What is expected: Copy the records below in full and leave every image out of the copy.

Record extracts:
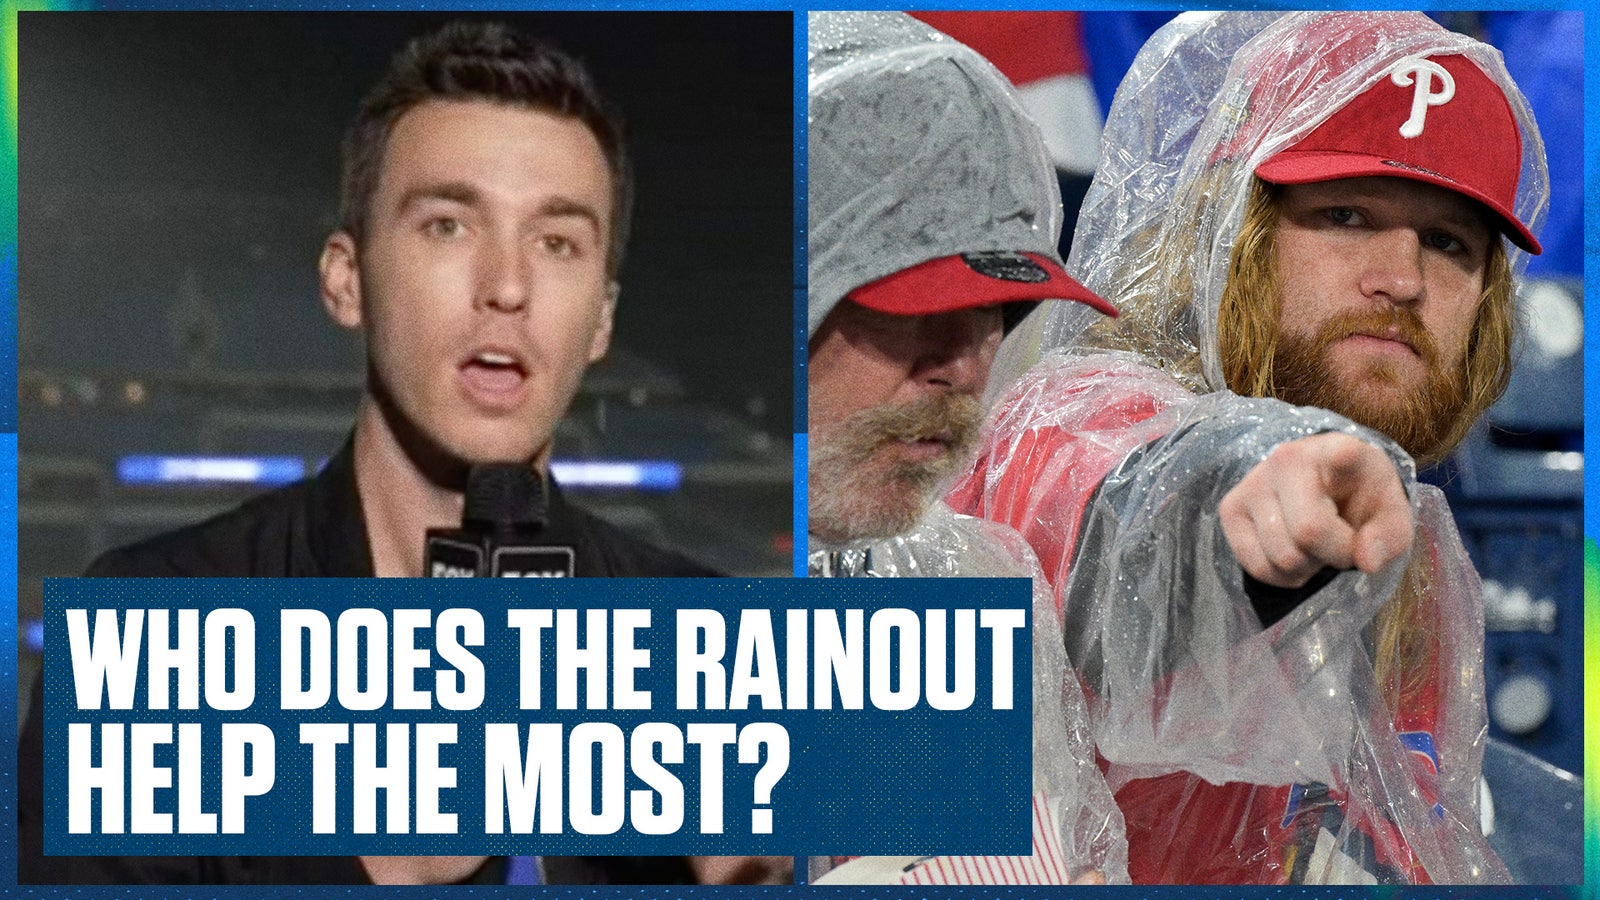 Who the rainout impacts the most for the rest of the series
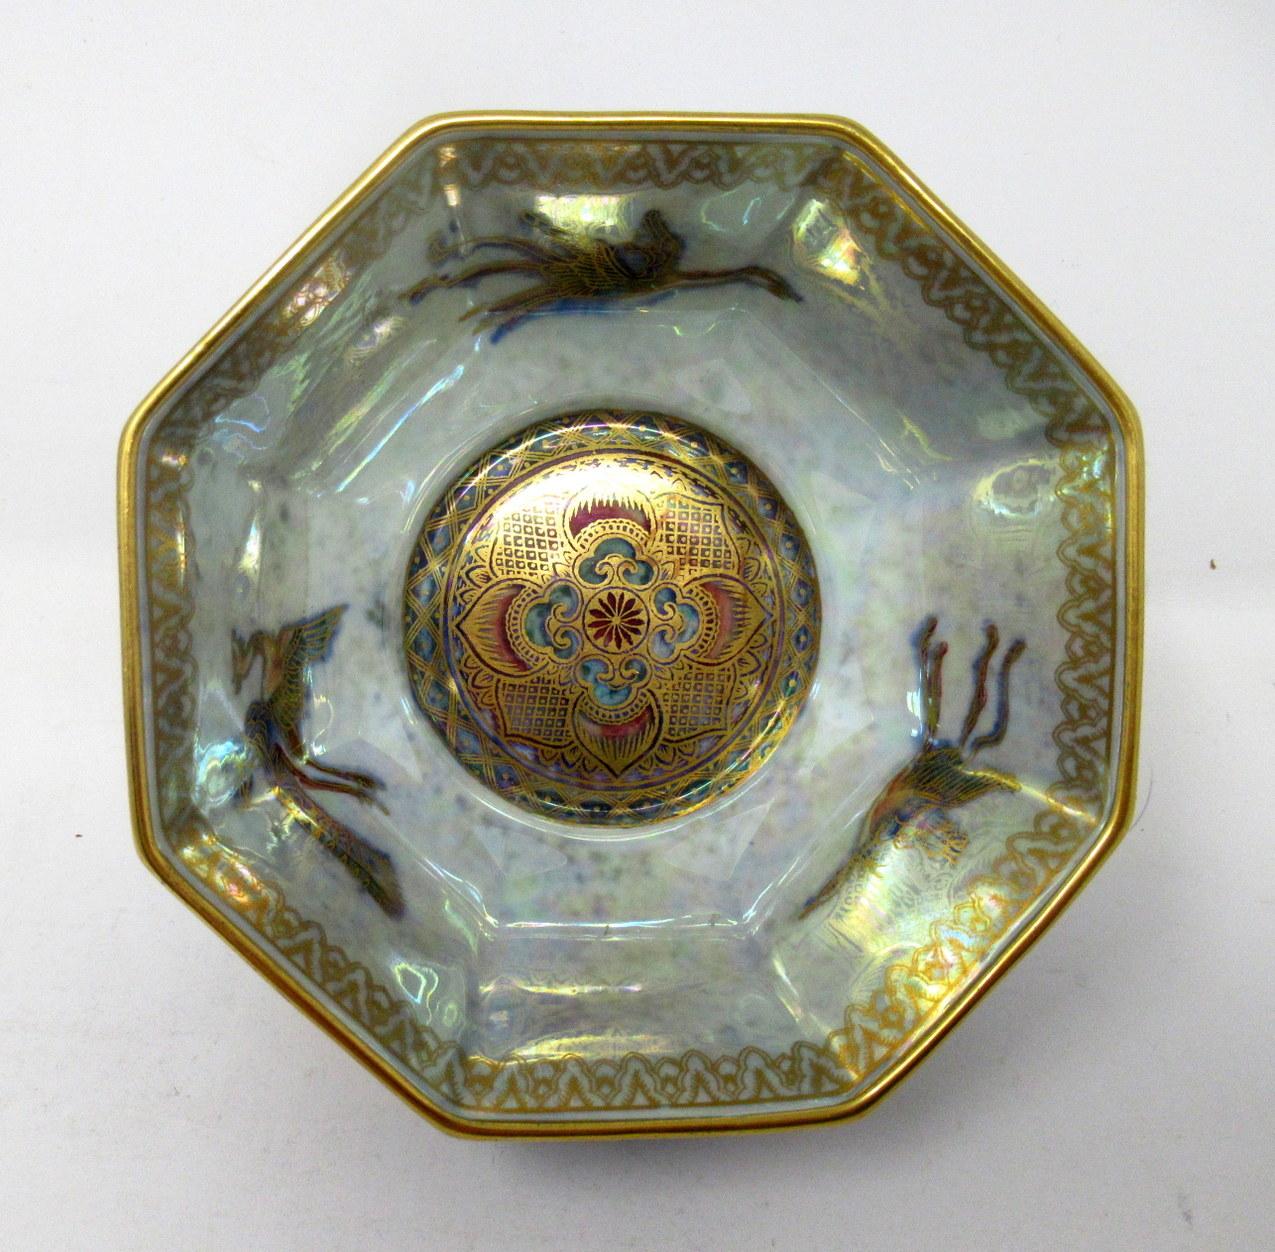 A very elegant Art Deco “Celestial Dragon” pattern Lustre SINGLE BOWL of compact proportions and octagonal form by Daisy Makeig-Jones, circa 1920-1930.

This finely made ceramic bowl is a derivative of her renowned “Fairyland Luster” series which
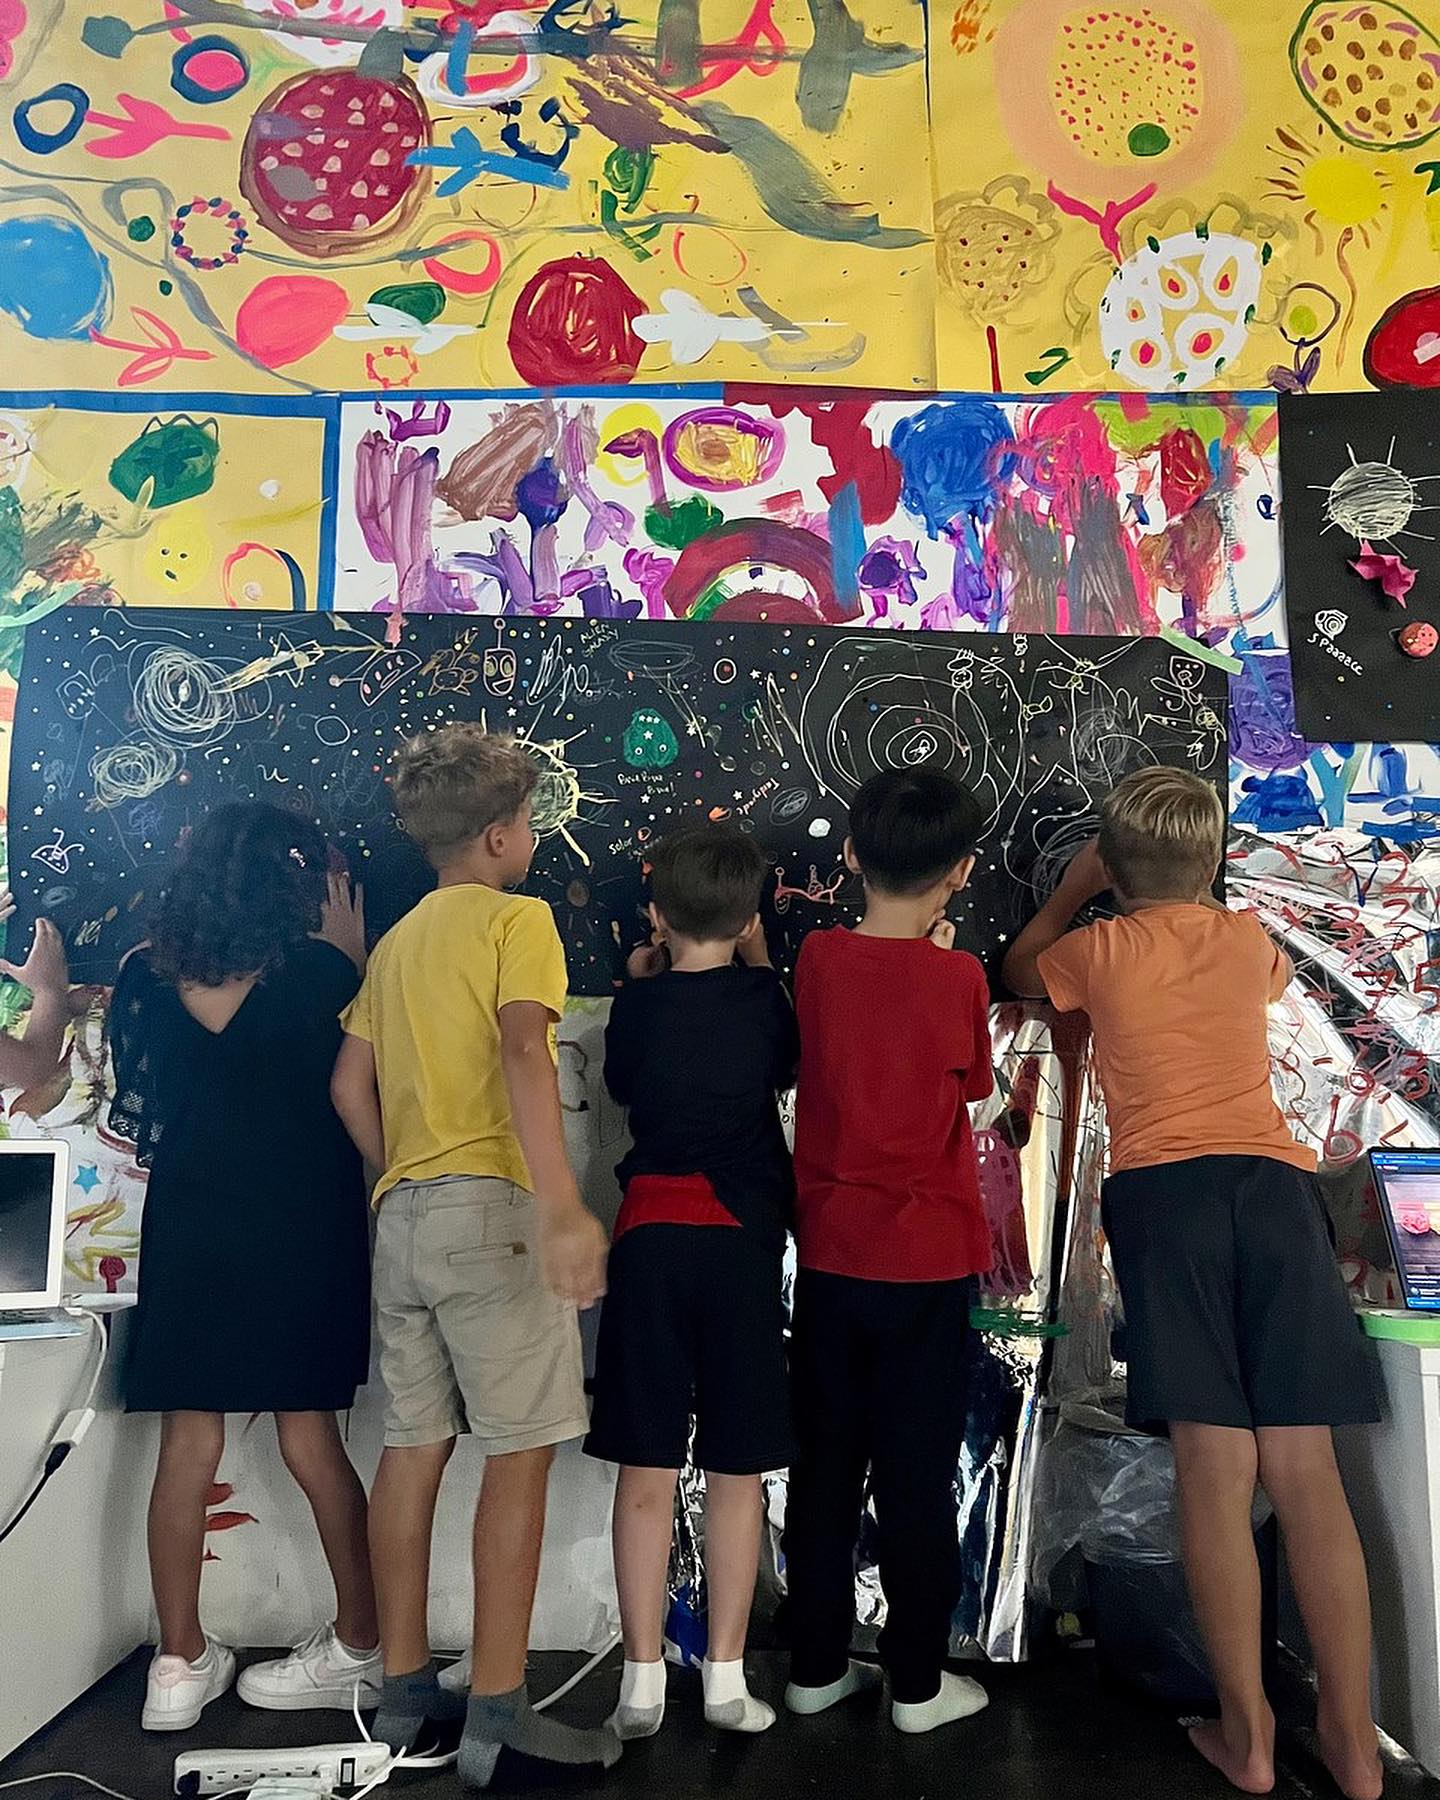 Kids painting on a mural of space
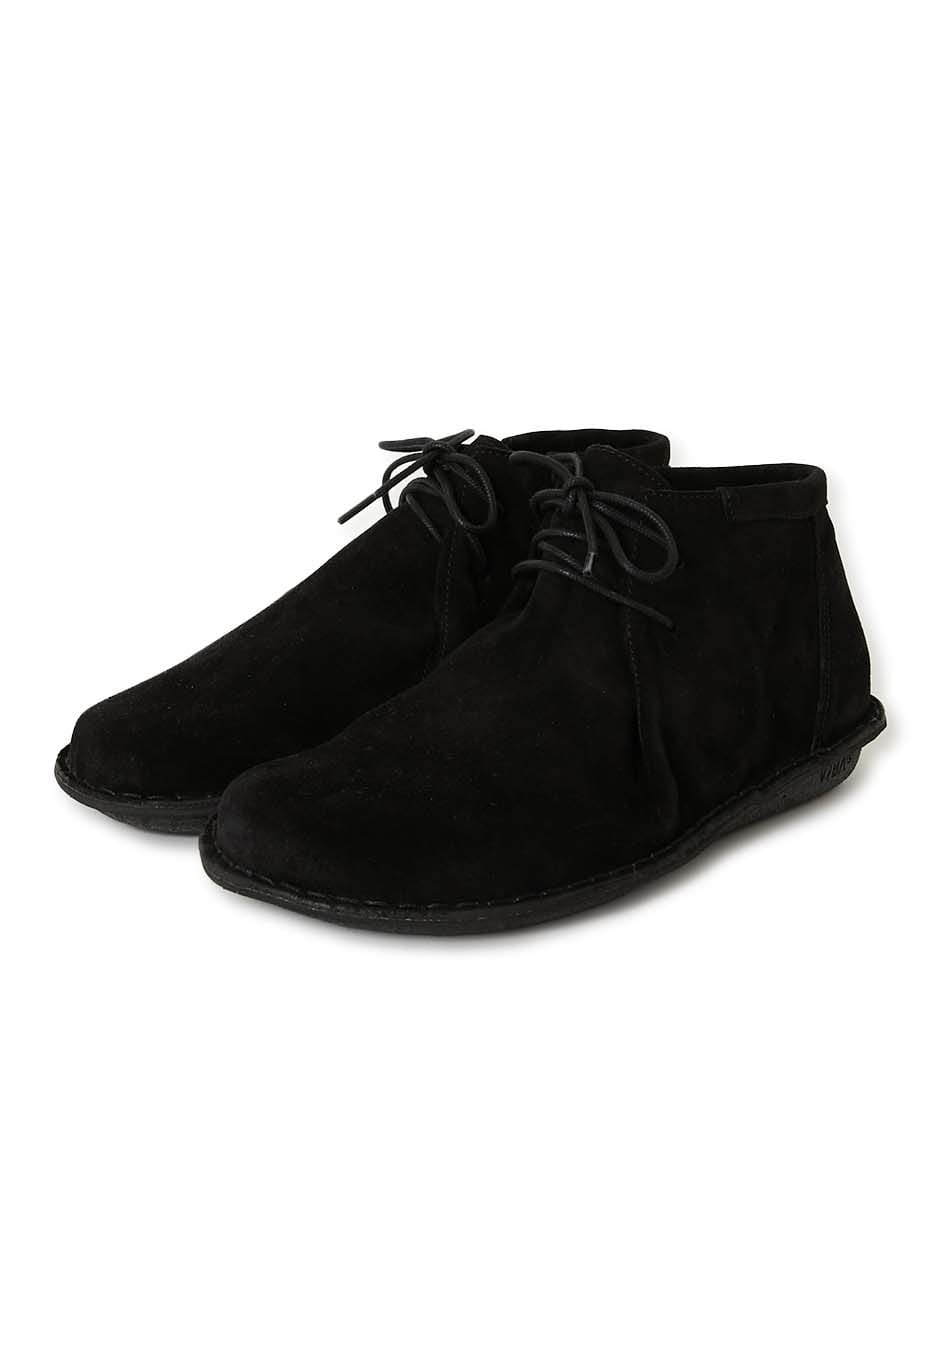 VIBAe /JTREE Suede Shoes
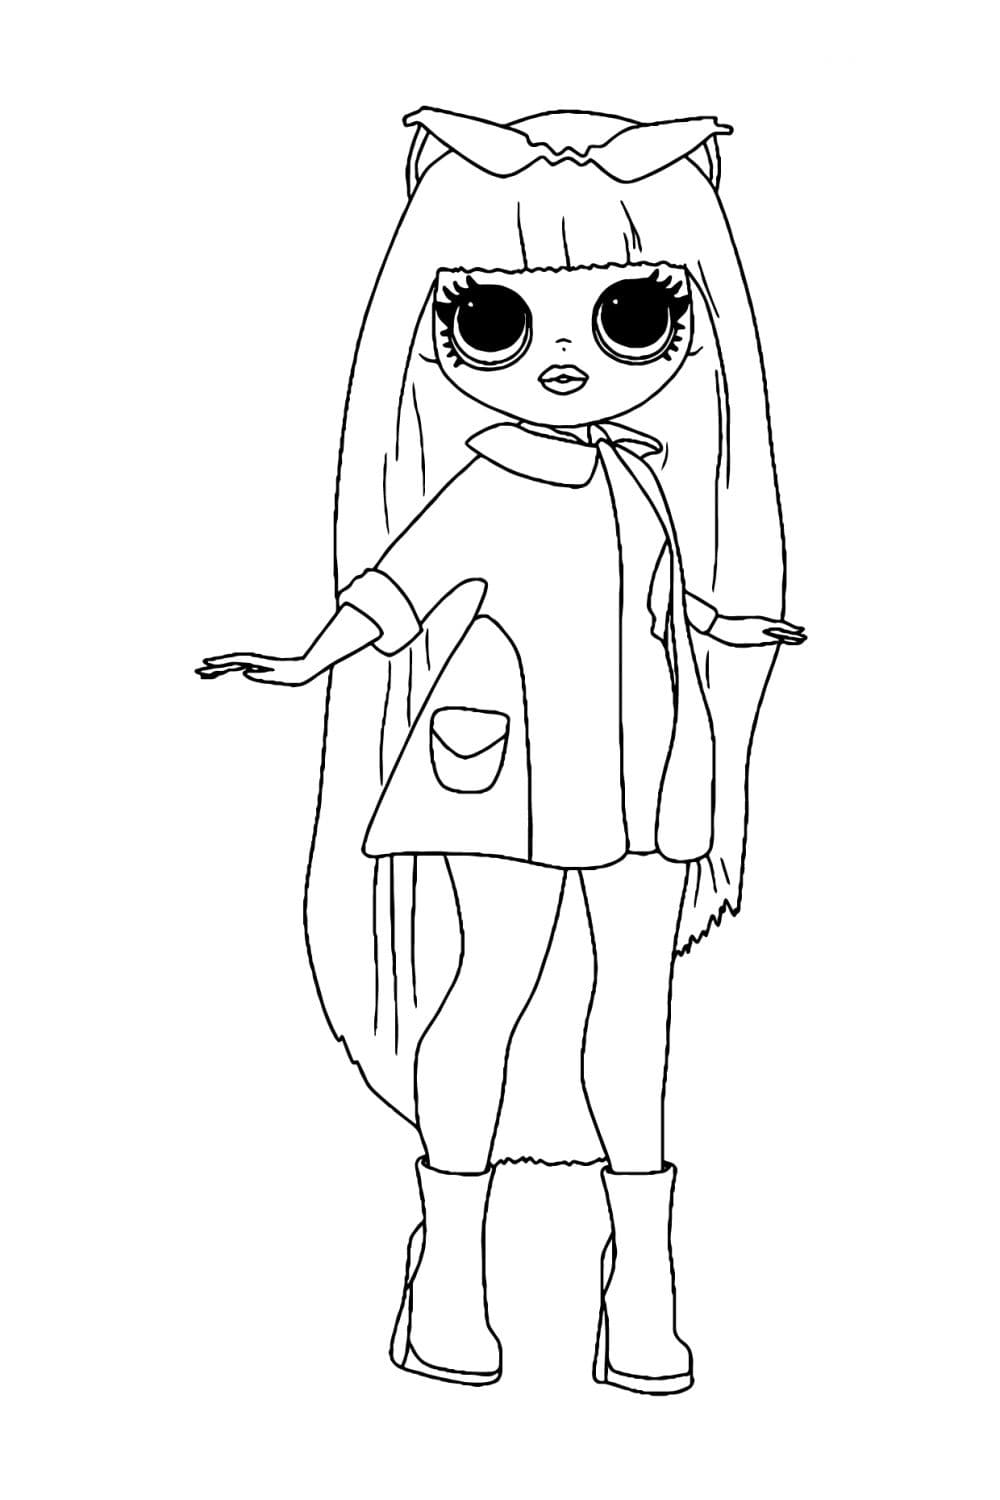 Coloriage lol omg groovy baby girl à imprimer

Solution to this exercise:
 Who the rainout impacts the most for the rest of the series
 A very elegant Art Deco “Celestial Dragon” pattern Lustre SINGLE BOWL of compact proportions and octagonal form by Daisy Makeig-Jones, circa 1920-1930.

This finely made ceramic bowl is a derivative of her renowned “Fairyland Luster” series which
 Kids painting on a mural of space
 VIBAe /JTREE Suede Shoes
 Coloriage lol omg groovy baby girl à imprimer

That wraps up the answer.